AFTER MANY disappointments with churches I had decided not to darken their doors again. I was over it. Big time. Over the decades I had put up with not feeling accepted or respected, feeling used and abused, feeling worthless and an abject failure, a sinner and a leper. Regardless of how much I tried to do for God in and through the church, I never felt good enough; I always felt like an outsider on the edge of the church and never ever close to God’s chosen few in his inner circle. That was what I had experienced in churches. It was not what God had been telling me.
God is Love. His perfect love brings his unconditional acceptance of all people regardless of whether we know him yet or not. God loves the person in the pew as much as he loves the person in the pulpit. We are all equal in his eyes; he has no favourites. Regrettably, many churches have failed to exhibit this core characteristic of our awesome God. And by not showing that love, people have turned from the church in droves. For me, the final straw came when I was confronted with unimaginable abuse from a denominational leader, something so unspeakable that my faith was left shattered, sharp shards splintering all around me. The thought of church sickened me and to go was no longer an option. But that was not the end of my story.
In that frightening time I began to re-evaluate my faith by going back to foundational beliefs of who God is, reaffirming my belief in God the Father, his Son—the Lord Jesus Christ—and the Holy Spirit; what salvation meant—and did not mean—what it meant to have a personal relationship with God and knowing him as my Father, myself as his daughter. I was drawn back to a pivotal Bible passage that over the decades had been a significant source of comfort and encouragement:
“Come to me, all you who are weary and burdened, and I will give you rest. Take my yoke upon you and learn from me, for I am gentle and humble in heart, and you will find rest for your souls. For my yoke is easy and my burden is light” (Matthew 11:28-30).
These verses had enabled me to cope with the hurt from churches and moved me on in my walk with God. Jesus did not tell us to go to church; rather he urges us to come to him, to learn of him, to be so closely linked with him that we would experience the reality of his gentleness and his humility. This, sadly, is often so far removed from what churches preach and practise.
Every aspect of the fundamental evangelical teachings I had imbibed over the decades that were not of God were ripped away. I was left standing with God alone, nothing more—simply clinging to the cross of Christ, in Christ alone. It was from there that God began to rebuild my faith, to teach me from his Word what I needed to know about being a believer, how to live for him, and how to lovingly relate to those around me. It had been a lonely journey; I longed for authentic Christian fellowship and to share with others their experiences of living for God as a true disciple of Christ. In short, I wanted to belong to a faith community, something akin to those mentioned in the New Testament writings. It seemed like an impossible dream.

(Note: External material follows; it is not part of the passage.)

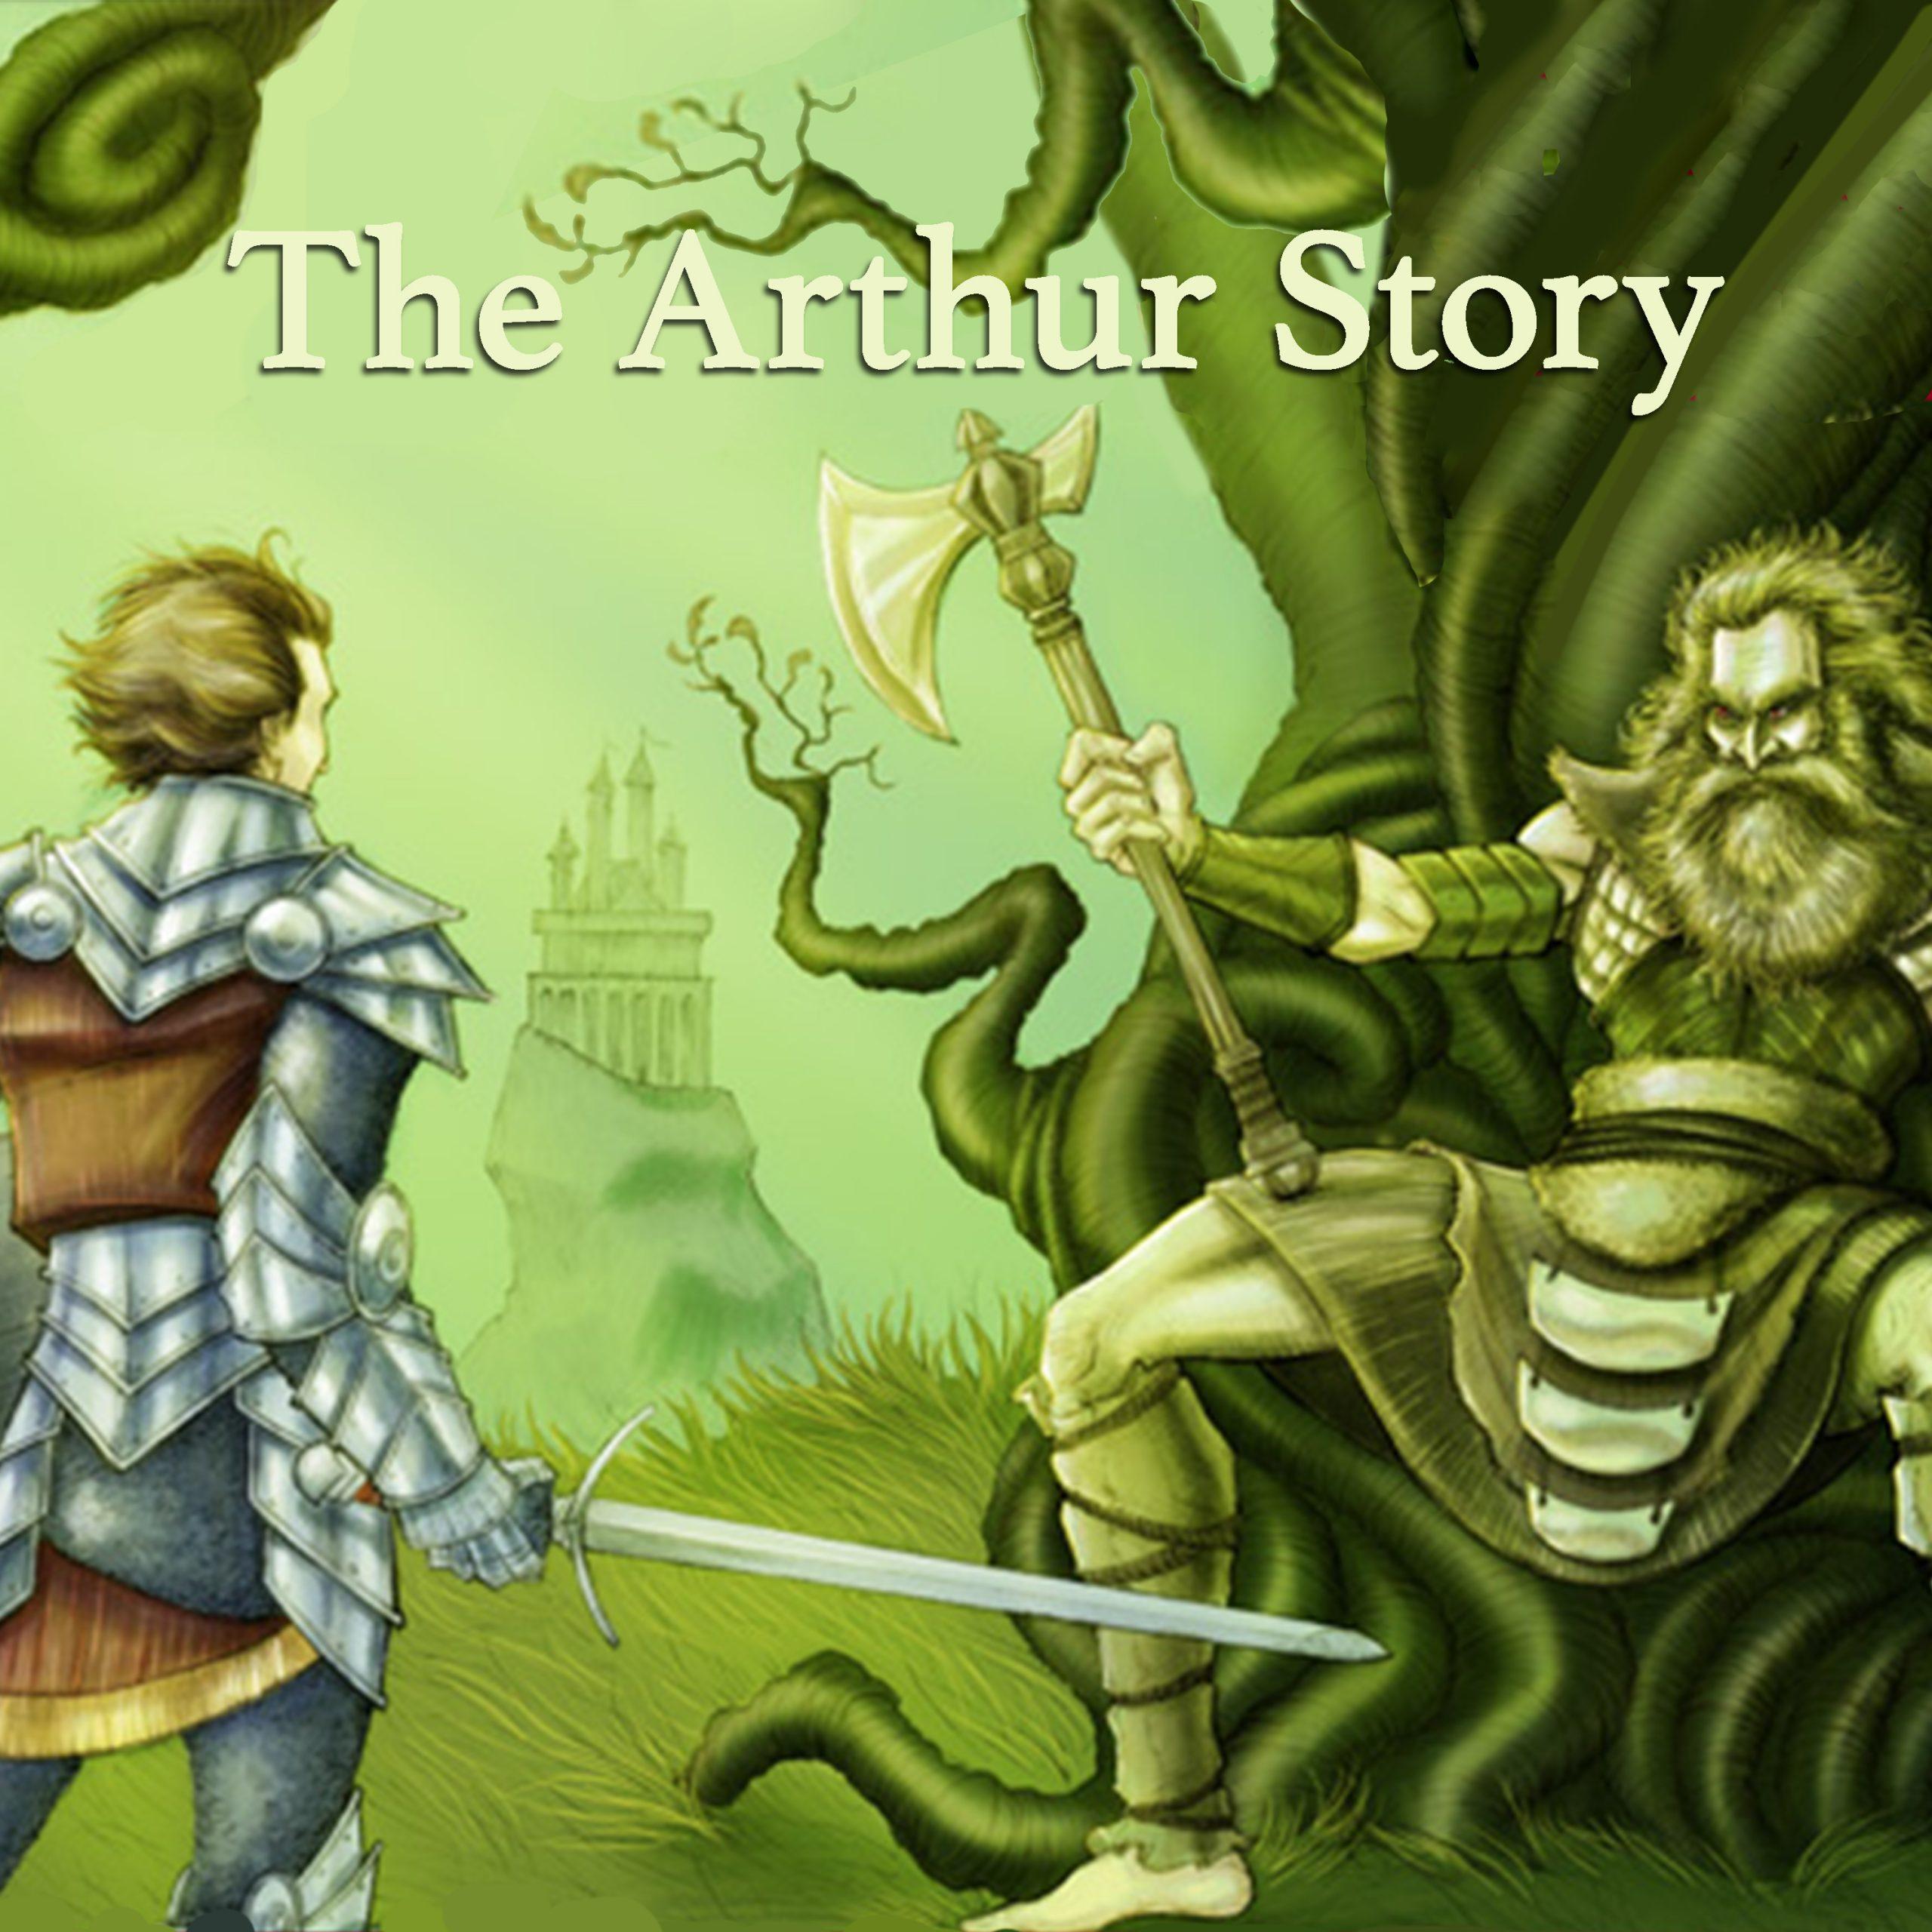 The Arthur Story

In mid-2019 I relocated back to Outback Queensland and began attending All Saints Anglican Church in Charleville. I knew most of the folk there and was also pleased to see that a group of Solomon Islanders had started going there, bringing with them their vibrant faith in God. In addition, the new minister was a breath of fresh air, passionate for God and with a clear vision for the Church in the Outback. Having had so many of my bigoted beliefs stripped away and discovering that not only was my idea of God far too small, he was, in fact, incredibly vast and all-embracing, extravagant in his love, grace and mercy. These were all positive components that contributed to my knowing that at last I had found my spiritual home. In this place I could be myself, share my faith, listen to and accept others where they were at in theirs, be involved in the life of the church and the broader community, exercise my ministry gifts and encourage others in theirs. Ours is not a perfect church. I was never looking for a perfect church—there is no such place.

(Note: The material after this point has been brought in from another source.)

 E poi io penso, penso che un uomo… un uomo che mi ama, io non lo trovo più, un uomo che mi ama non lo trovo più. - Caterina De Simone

Many people associate church with Sunday attendance in a building. That is only a small part of the picture. Church relates to the gathering of people who meet there, who worship together and share their lives with each other in a significant way. It is not merely about sitting in a church pew looking at the back of the neck of the person in front. It is more than “sharing the peace”, then forgetting about who we have spoken to for the rest of the week. Church is about community, about learning to live with one another despite our differences, and about experiencing God’s love, joy and peace within the body of Christ, his Church.
Now that I have found my church, I can understand its value in my walk with God, and can confidently answer the question—Why Church? Because I need it; we all need to know the reality of a caring faith community where we can be ourselves, express our faith in God, care for, love and encourage one another and grow in the grace and knowledge of our Lord Jesus Christ (2 Peter 3:18).